Exercise details - An exact copy of the listing below is the answer, with the pictures removed.

Provided material -
┄┄┄┄┄┄┄┄┄┄
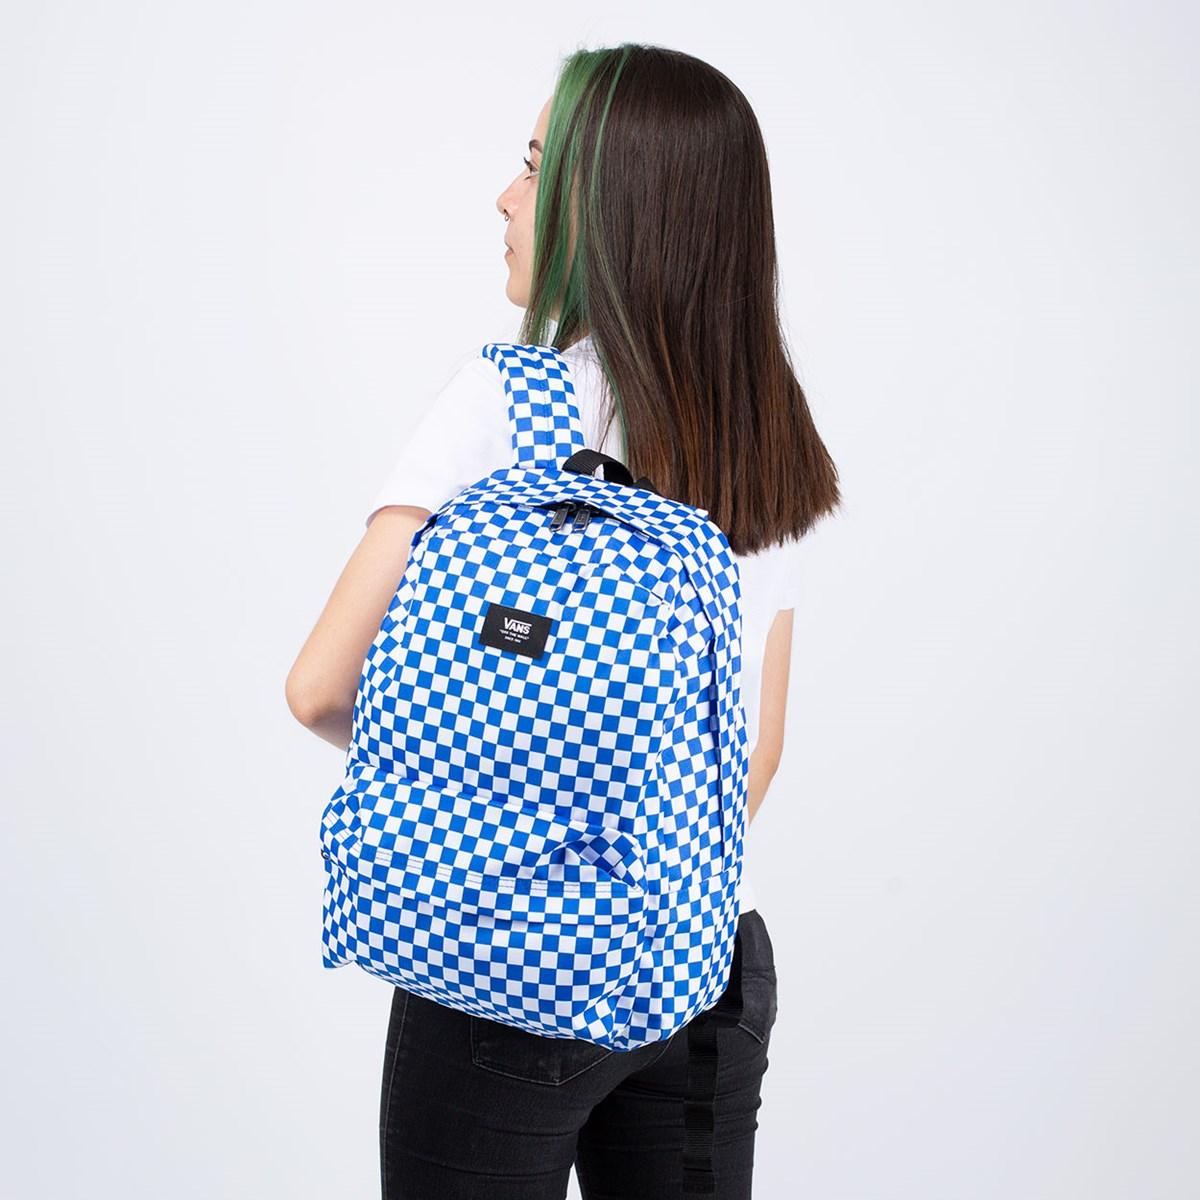 Mochila Vans Old Skool III Backpack Victoria Blue Checkerboard VN0A3I6RZZ4
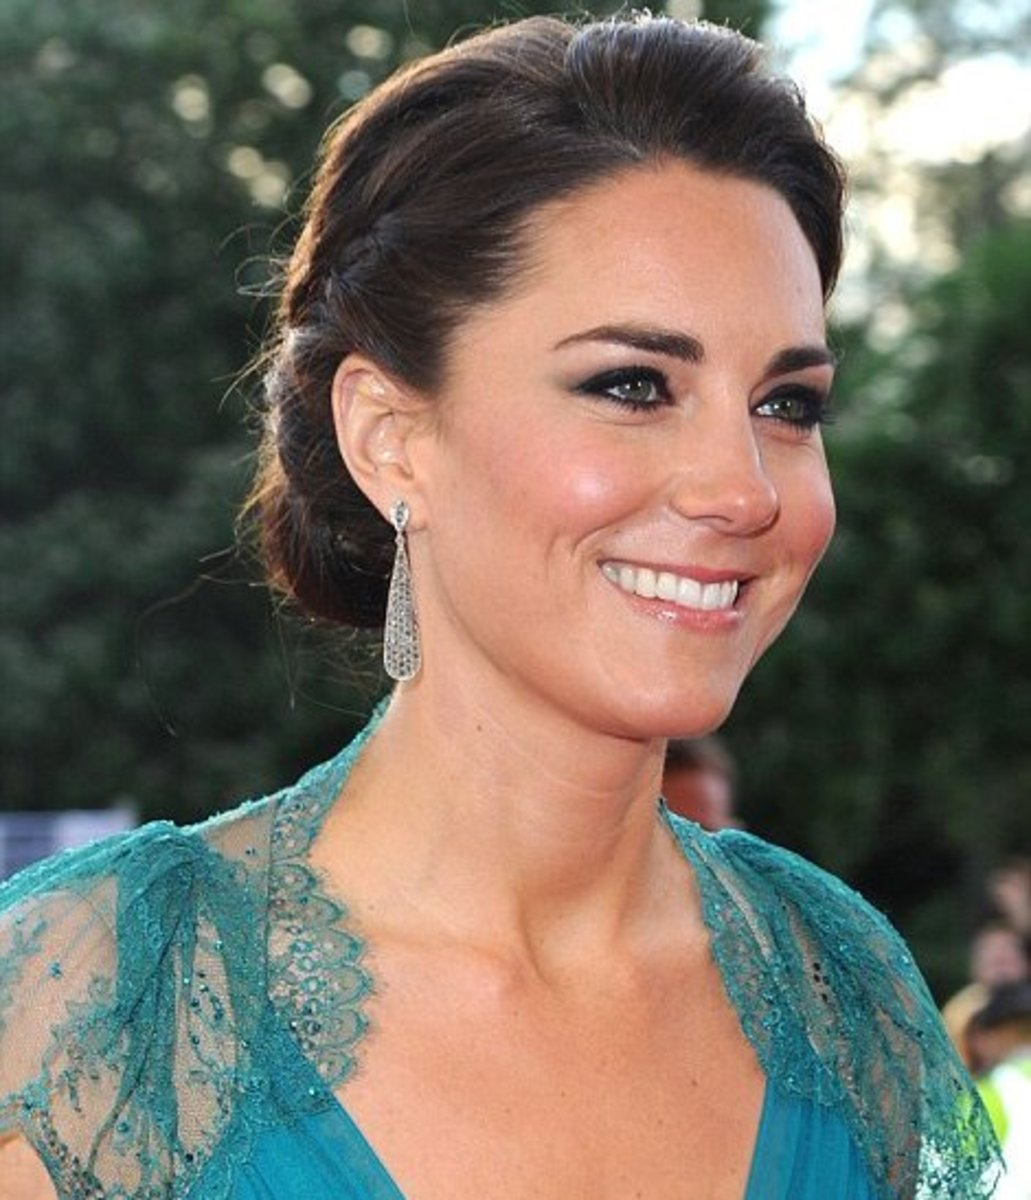 Kate Middleton's teardrop shaped earrings compliment her neckline
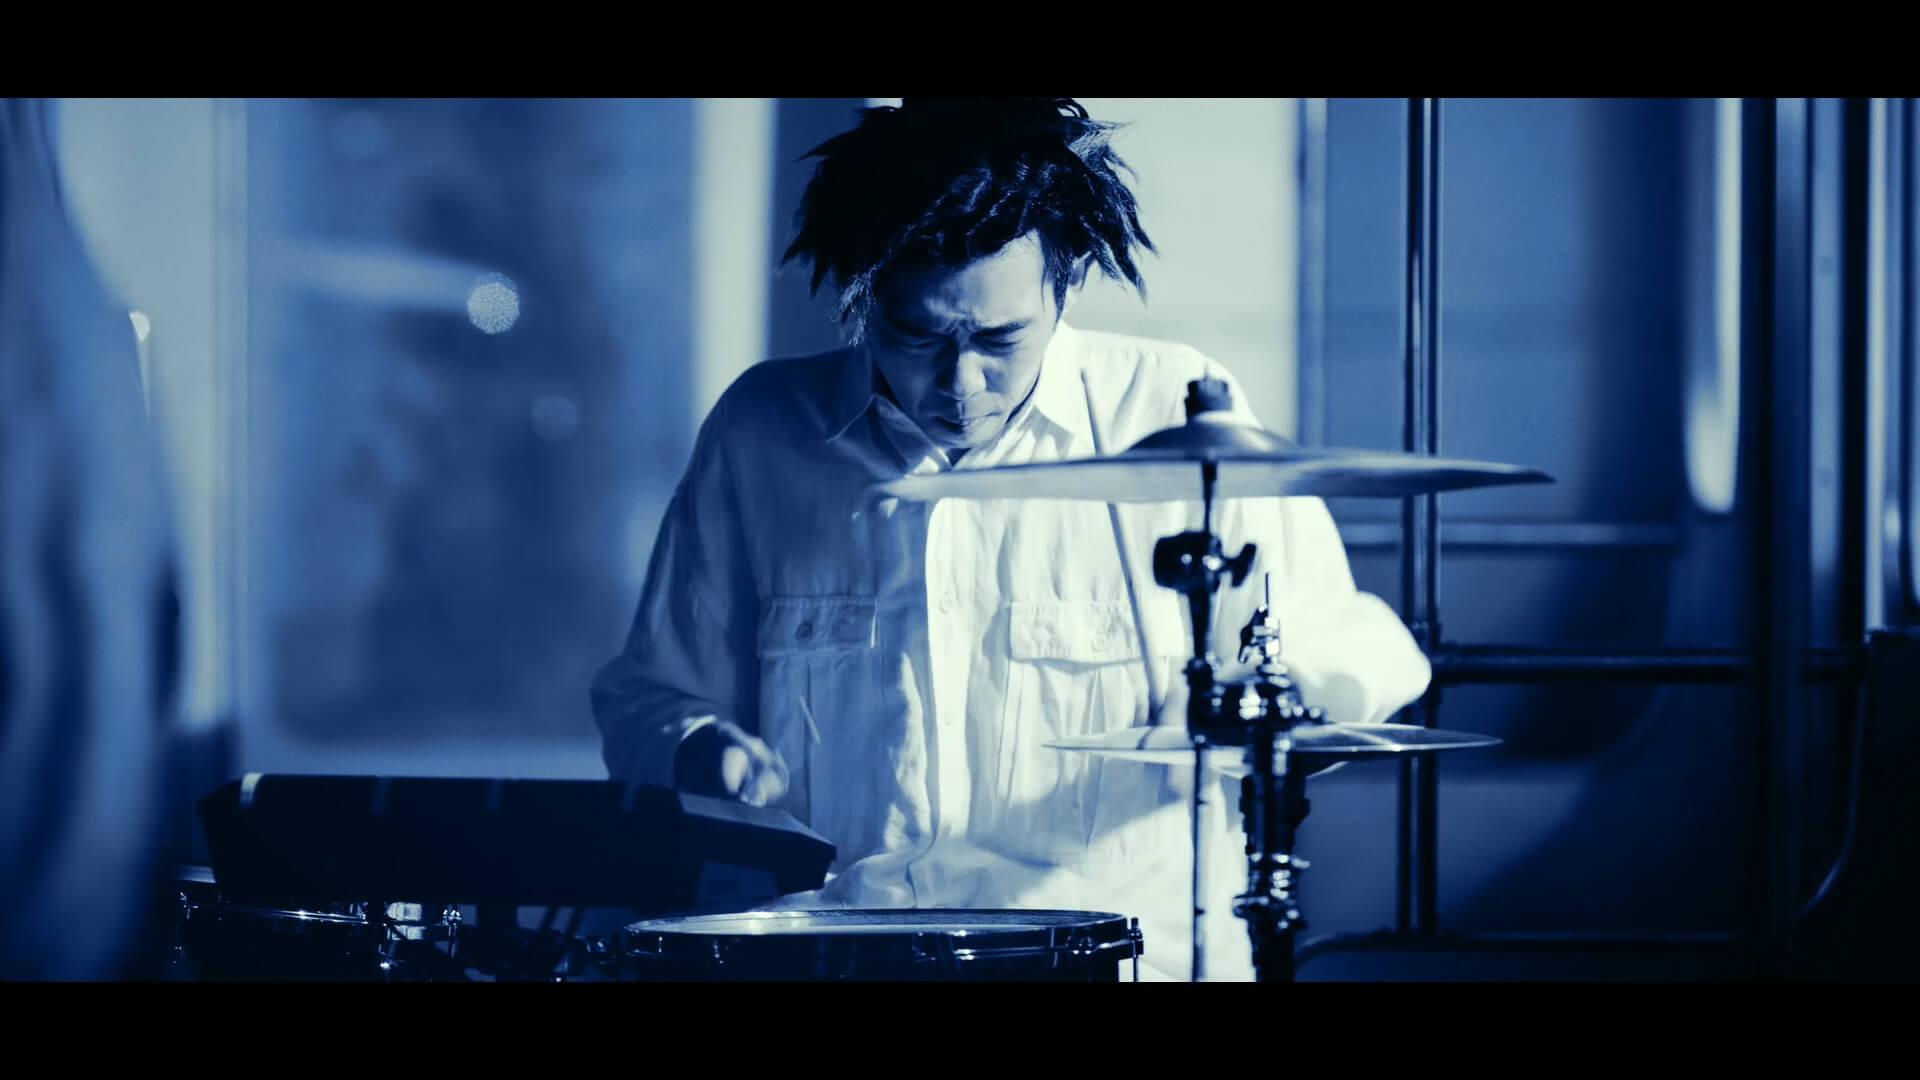 King Gnu、ソニーの完全ワイヤレス型ノイキャンイヤホン『WF-1000XM3』の新CMに出演 CMソングに「Teenager Forever」を初音源化 music191001_kinggnu_cm_5
┄┄┄┄┄┄┄┄┄┄
Response area -
 Mochila Vans Old Skool III Backpack Victoria Blue Checkerboard VN0A3I6RZZ4
 Kate Middleton's teardrop shaped earrings compliment her neckline
 King Gnu、ソニーの完全ワイヤレス型ノイキャンイヤホン『WF-1000XM3』の新CMに出演 CMソングに「Teenager Forever」を初音源化 music191001_kinggnu_cm_5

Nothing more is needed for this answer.